Meropenem: effects on human leukocyte functions and interleukin release

Int J Antimicrob Agents. 1995 Apr;5(2):129-33. doi: 10.1016/0924-8579(94)00042-s.

Abstract

Modifications of the immune response have been reported for a number of antimicrobial agents following both in vivo and in vitro experiments. Present results were obtained from in vitro incubated human polymorphonuclear cells (PMN) and monocytes treated with meropenem, a novel carbapenem antibiotic. Only the highest concentrations of meropenem (50-200 microg/ml) significantly reduced the phagocytic activity and unstimulated superoxide release of neutrophils after 1 h of incubation. Moreover meropenem (100 and 200 microg/ml) reduced PMA-stimulated superoxide release by PMN after 1 h of incubation. Only the highest concentration used (200 microg/ml) was found to reduce significantly superoxide release by PMA-unstimulated and -stimulated PMN incubated for 2 h.
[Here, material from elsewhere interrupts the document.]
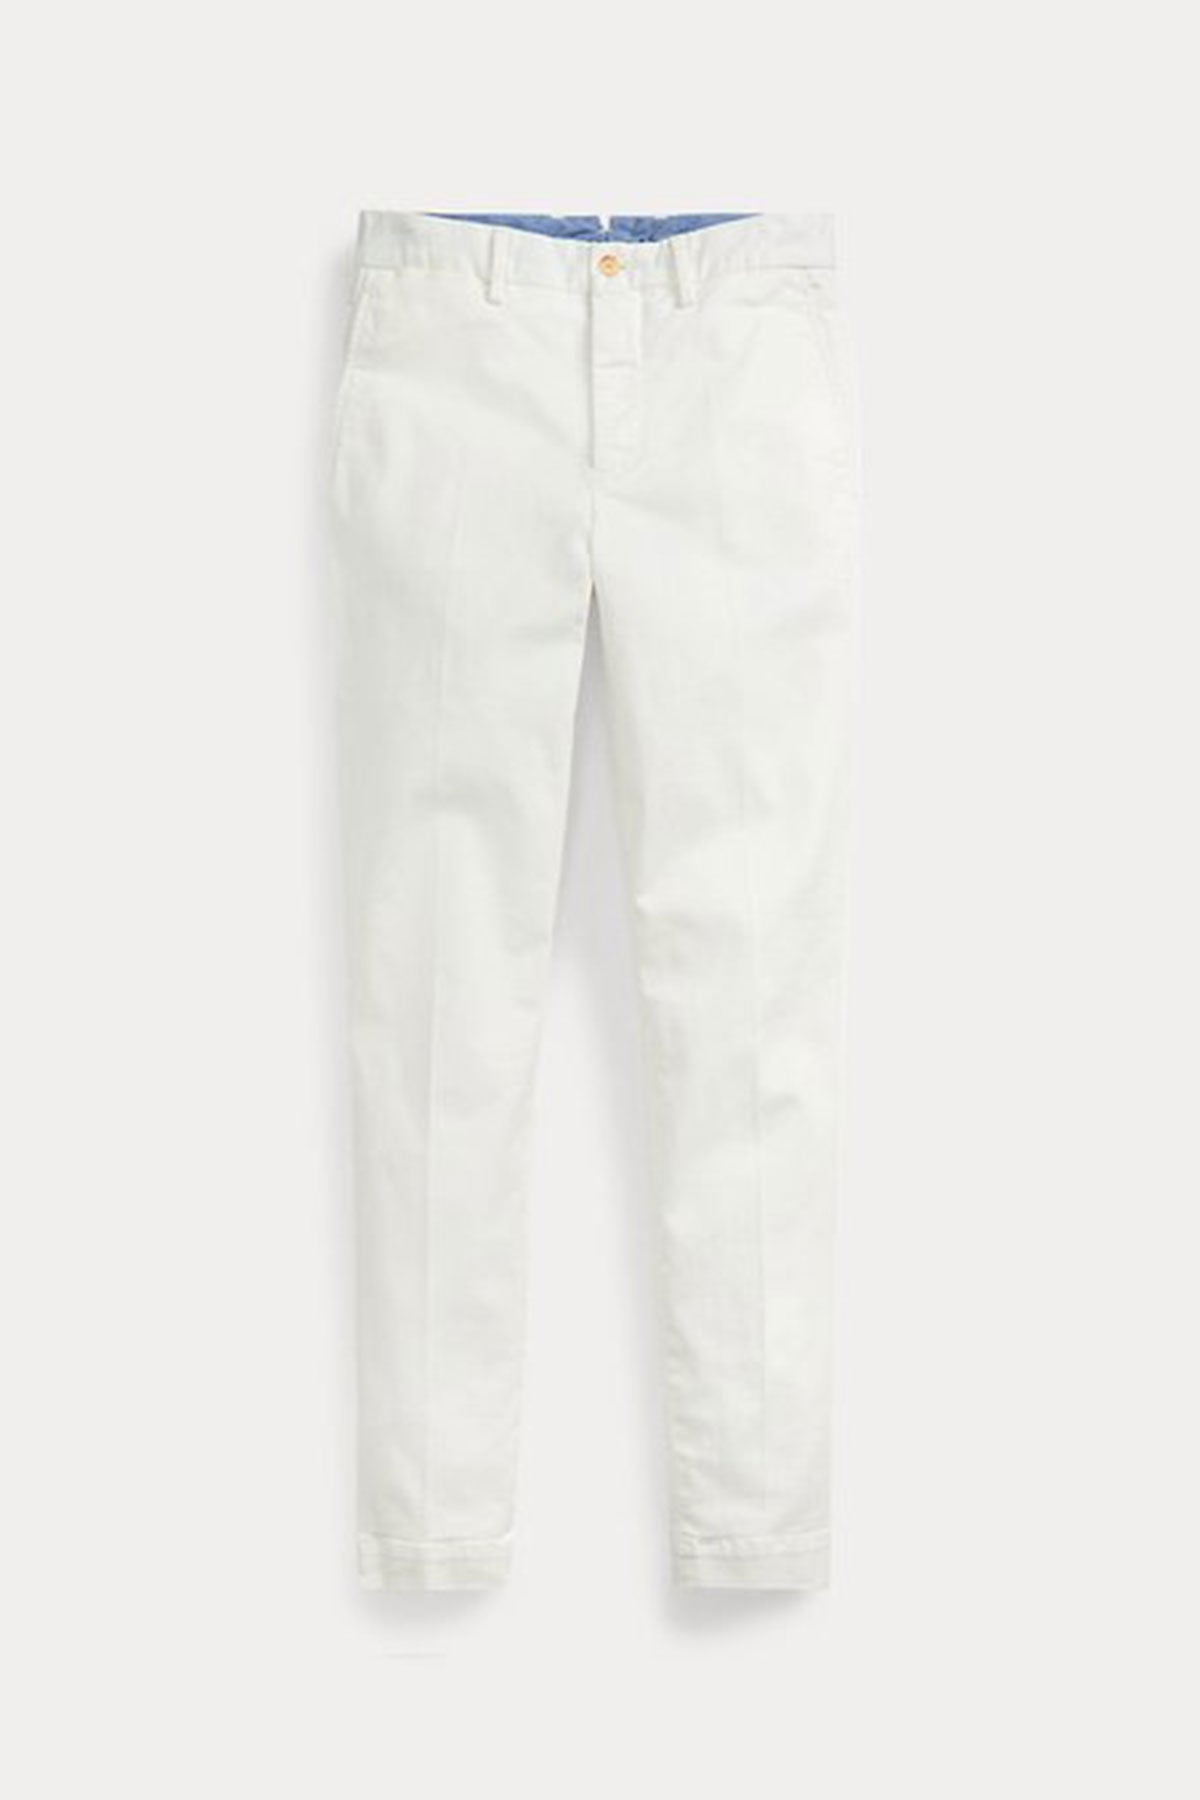 Polo Ralph Lauren Streç Chino Pantolon-Libas Trendy Fashion Store

Meropenem did not affect some of the PMN functions studied (killing of Candida albicans, chemotaxis and glucose consumption) over a broad range of concentrations (5, 10, 20, 50, 100, 200 microg/ml). The leukocyte viability did not change even at the highest antibiotic concentration used, as showed by the trypan blue exclusion test. The LPS-induced release of IL-1alpha, IL-6 and IL-8 from isolated monocytes was not impaired by meropenem (100 and 200 microg/ml), that significantly reduced TNFalpha stimulated by LPS, after 4 h of incubation. In conclusion our data suggest that therapeutically relevant concentrations (5-20 microg/ml) of meropenem did not modify substantially the viability and the functions of human leukocytes.